By the time Amy met Mr. Right, she was in her mid 30's and that's where the problems begin. Experts say women see Hollywood stars having babies in their early or even late forties and think they have more time on their clock. Big mistake says fertility specialist Randal Dunn.

"I think many women have no real conception about what's available. What's the real possibility for them after age forty. I think that the think if you have enough technology, coupled with the finances, you'll always have success and that is not a true statement."

Amy wasn't even in her forties and she still couldn't get pregnant on her own. Six years of expensive fertility treatments didn't work either. Doctor Dunn says what many women don't know is that most Hollywood stars who give birth in their forties are really using another woman's egg.

"The odds even with fertility treatment in these women who are in their mid-forties is less than one percent for successful treatment using their own eggs."

Last year Amy and her husband decided to try a donated egg. She remembers when they took the home pregnancy test.

"We both quit breathing. We started shaking."

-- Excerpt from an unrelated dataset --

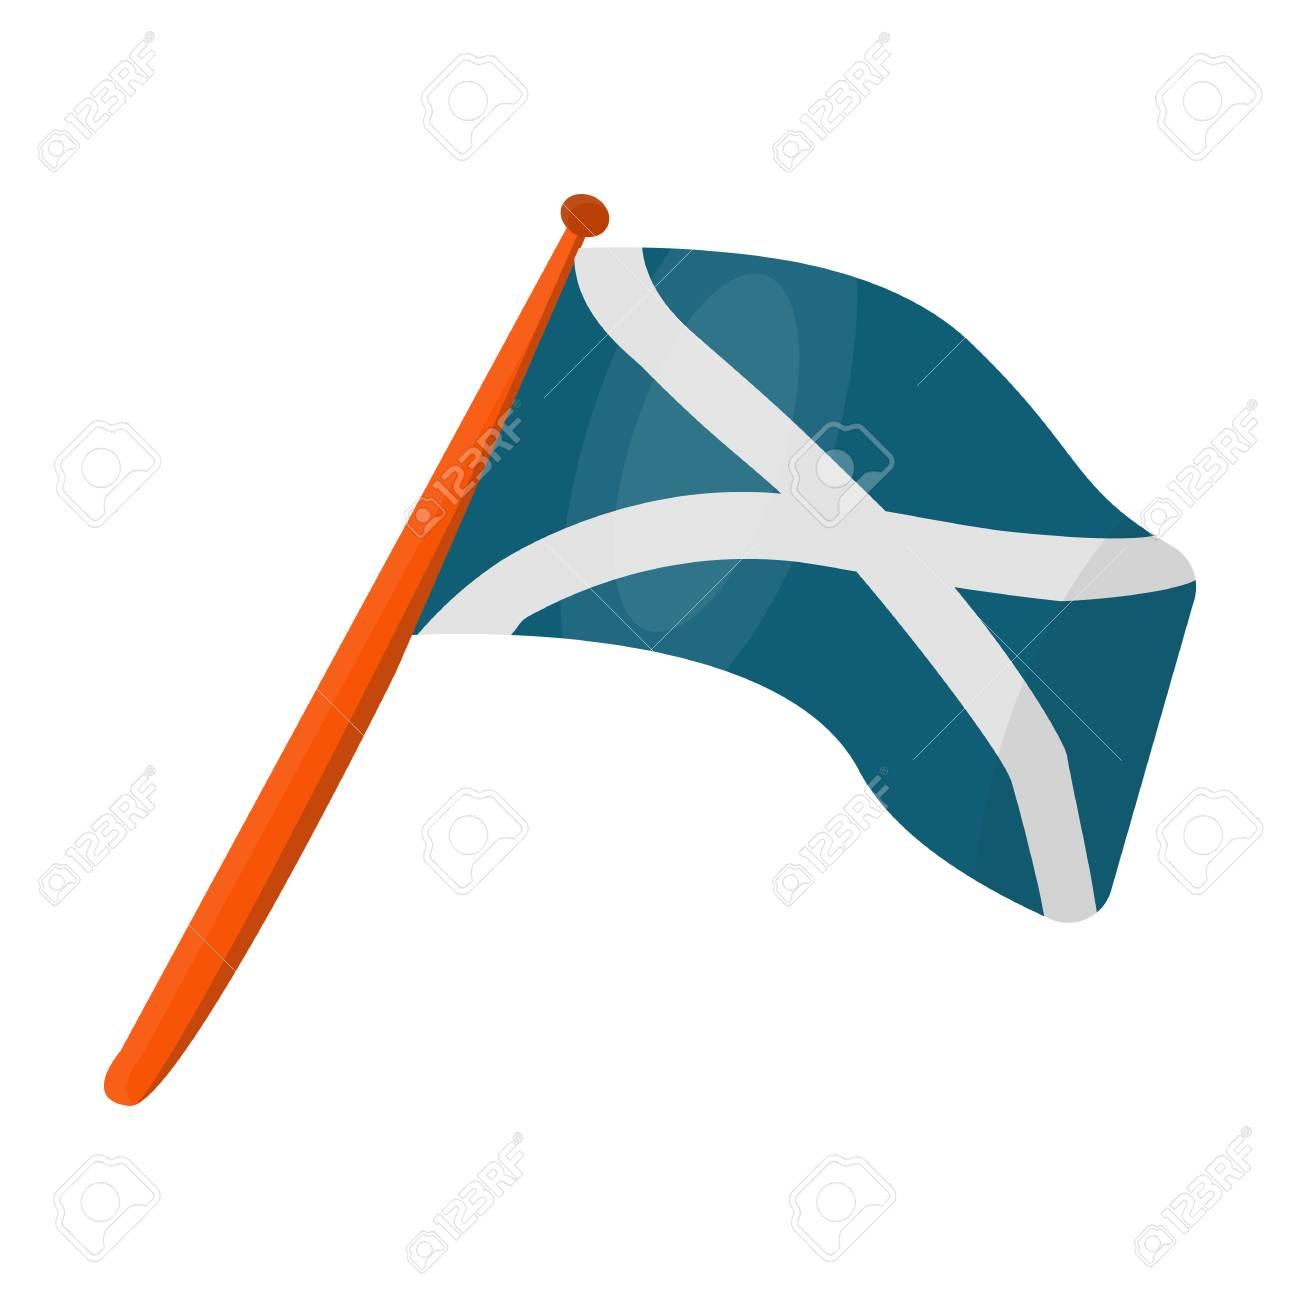 Scotland Flag On A Wooden Stick The Scottish National Flag Scotland
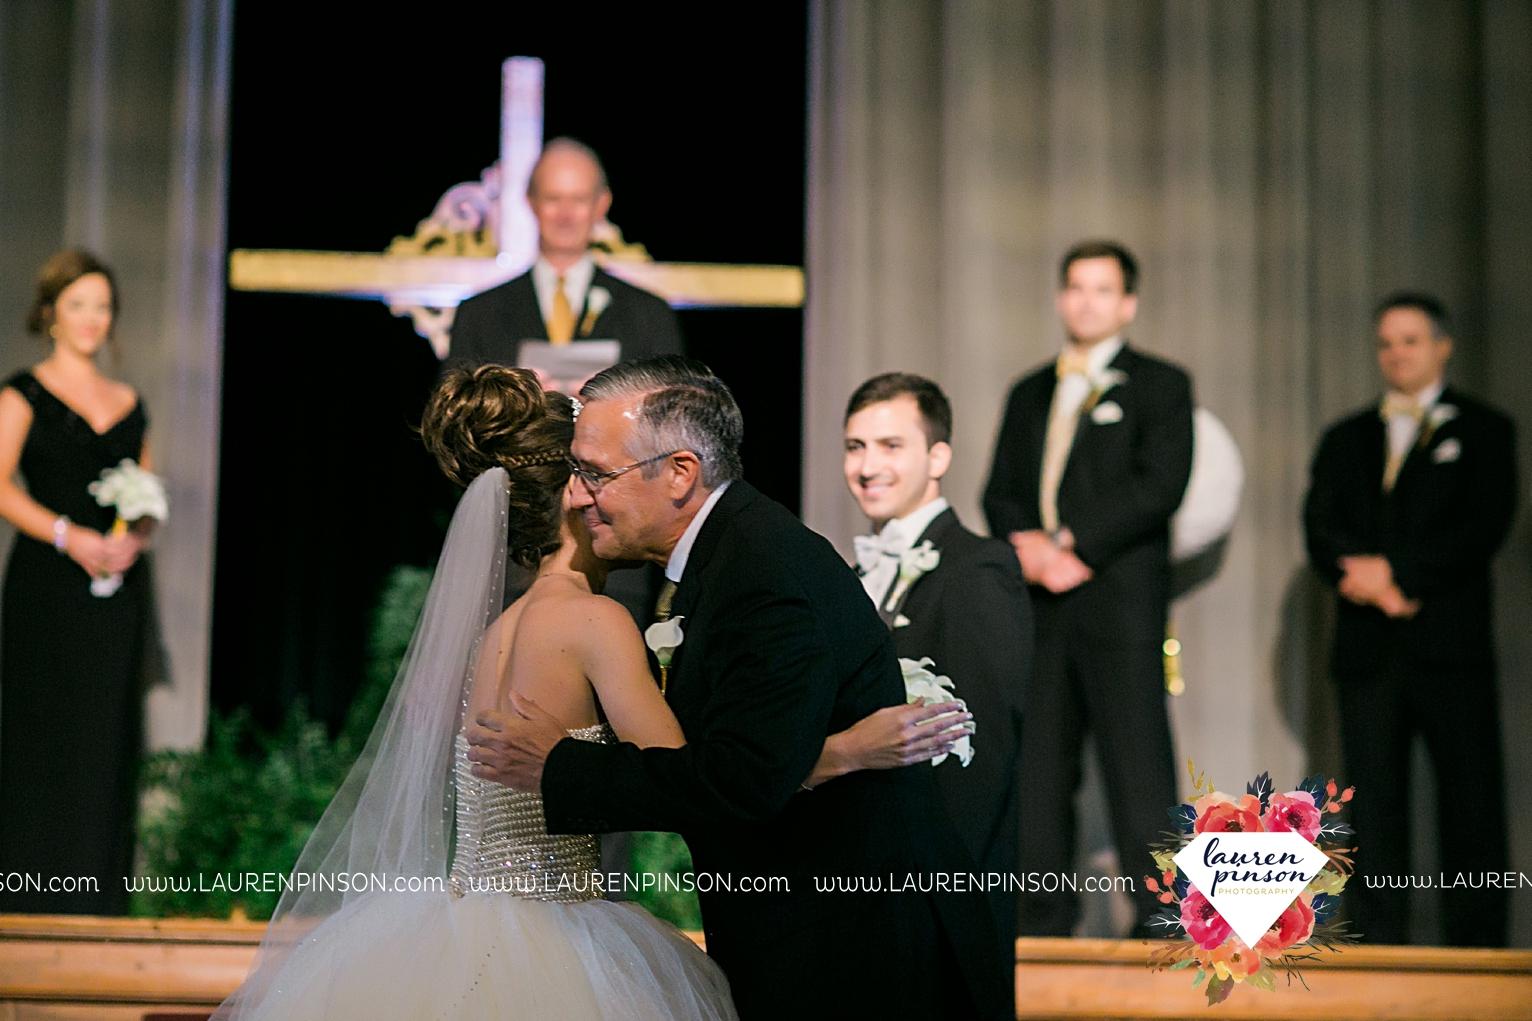 wichita-falls-texas-wedding-photographer-the-forum-by-the-kemp-mayfield-events-ulta-gold-glitter_2864.jpg

Donor eggs may be the only option for women over forty. The egg comes from a younger woman with healthier eggs and is fertilized with the sperm of the husband. The baby and mother won't share the same DNA, but the woman still carries it for nine months and gives birth.

(sound newborn crying)

Amy now has a two month old girl. I asked her if all the years of fertility treatment was worth it.

"How dare you even ask. Five years of treatment...I'd go ten. I can't believe god gave us this gift. And even in the middle of the night. I cherish it.

Ladies, the clock is ticking.

Bill Stamps, KUHF Houston Public Radio News.